42. La Cour juge approprié de calquer le taux des intérêts moratoires sur le taux d'intérêt de la facilité de prêt marginal de la Banque centrale européenne majoré de trois points de pourcentage.
PAR CES MOTIFS, LA COUR, À L'UNANIMITÉ,
1. Décide de joindre les requêtes ;
2. Déclare les requêtes recevables ;
3. Dit qu'il y a eu violation de l'article 5 §§ 3 et 4 de la Convention ;
4. Dit qu'il y a eu violation des articles 6 § 1 et 13 de la Convention ;
5. Dit
a) que l'État défendeur doit verser à chacun des requérants, dans les trois mois à compter du jour où l'arrêt sera devenu définitif conformément à l'article 44 § 2 de la Convention, 14 000 EUR (quatorze mille euros), à convertir en livres turques au taux applicable à la date du règlement, pour dommage moral, plus tout montant pouvant être dû à titre d'impôt ;
b) qu'à compter de l'expiration dudit délai et jusqu'au versement, ce montant sera à majorer d'un intérêt simple à un taux égal à celui de la facilité de prêt marginal de la Banque centrale européenne applicable pendant cette période, augmenté de trois points de pourcentage ;
6. Rejette les demandes de satisfaction équitable pour le surplus.
Fait en français, puis communiqué par écrit le 13 octobre 2009, en application de l'article 77 §§ 2 et 3 du règlement.
Françoise Elens-PassosFrançoise Tulkens
Greffière adjointePrésidente
Annexe
Liste des requêtes
1. Requête no 2422/06 introduite par M. Mesut Tunce, né en 1976.
2. Requête no 3712/08 introduite par M. Naşit Tutar, né en 1971.
3. Requête no 3714/08 introduite par M. İhsan Baran, né en 1974.
4. Requête no 3715/08 introduite par M. Asıf Güneş, né en 1973.
5. Requête no 3717/08 introduite par M. Hasan Süsli, né en 1974.
6. Requête no 3718/08 introduite par M. Murat Salur, né en 1975.
7. Requête no 3719/08 introduite par M. Şahin Yapıcı, né en 1975.
8. Requête no 3724/08 introduite par M. Mustafa Demir, né en 1973.
9. Requête no 3725/08 introduite par M. Mehmet Duman, né en 1975.
10. Requête no 3728/08 introduite par M. Seyfettin Kinay, né en 1970.
11. Requête no 3730/08 introduite par M. Mehmet Ali Eneze, né en 1974.
12. Requête no 3731/08 introduite par M. Veysi Ülsen, né en 1968.

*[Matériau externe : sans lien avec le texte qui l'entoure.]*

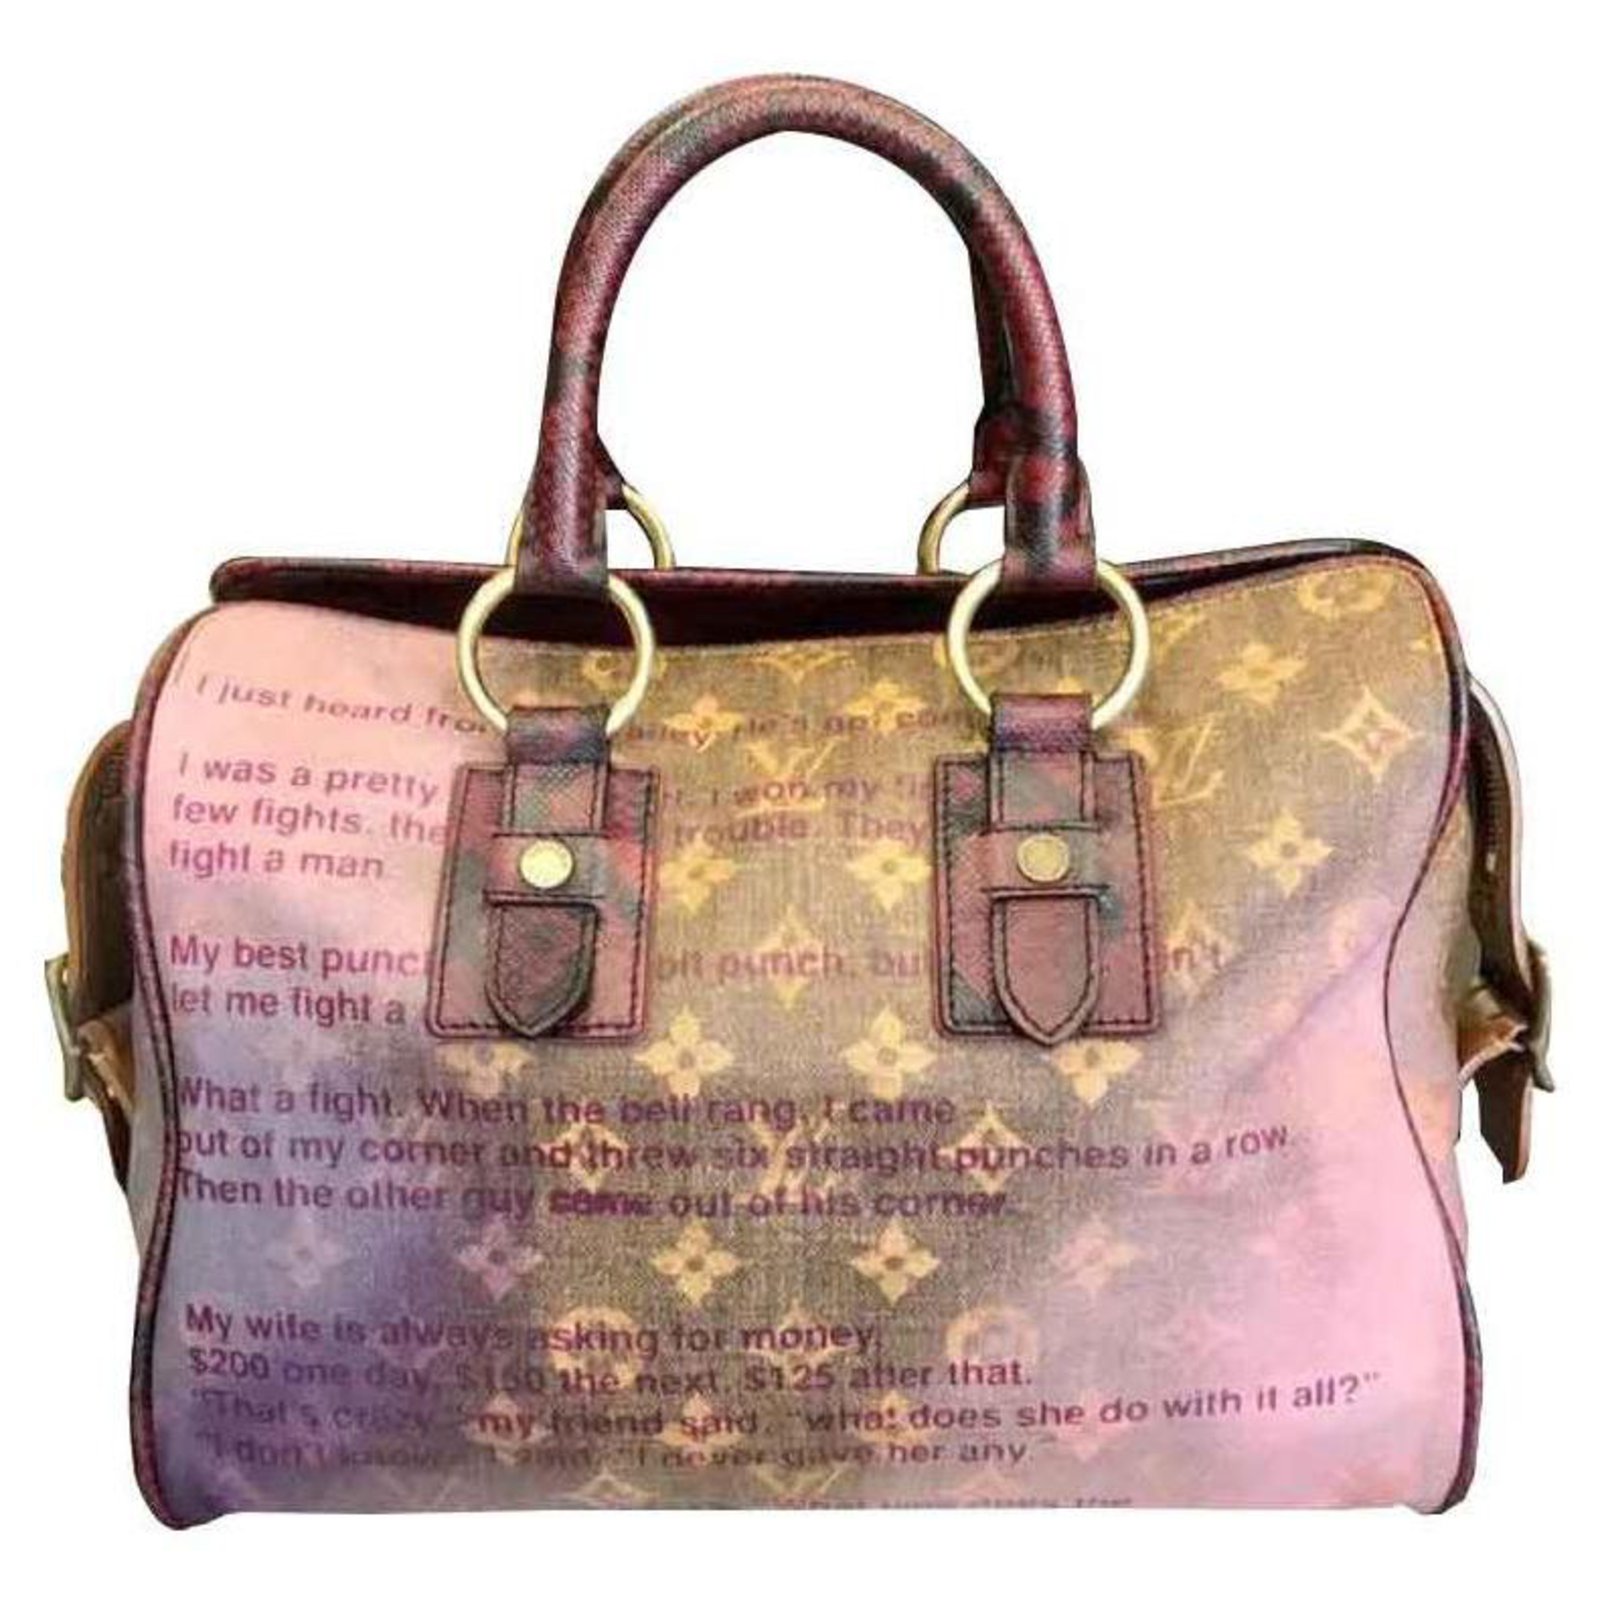 Louis Vuitton Collection 2008 Handbags Photos

13. Requête no 3733/08 introduite par M. Sedat Şeran, né en 1974.
14. Requête no 3734/08 introduite par M. Kasım Erkan, né en 1974.
15. Requête no 3735/08 introduite par M. Remezan Elaltuntaş, né en 1970.
16. Requête no 3737/08 introduite par M. Güro Adem, né en 1972.
17. Requête no 3739/08 introduite par M. Mehmet Zeki İnal, né en 1974.
18. Requête no 3740/08 introduite par M. Mustafa Sevim, né en 1972.
19. Requête no 3745/08 introduite par M. Sıdık Kurt, né en 1976.
20. Requête no 3746/08 introduite par M. Mahsum Nazli, né en 1974.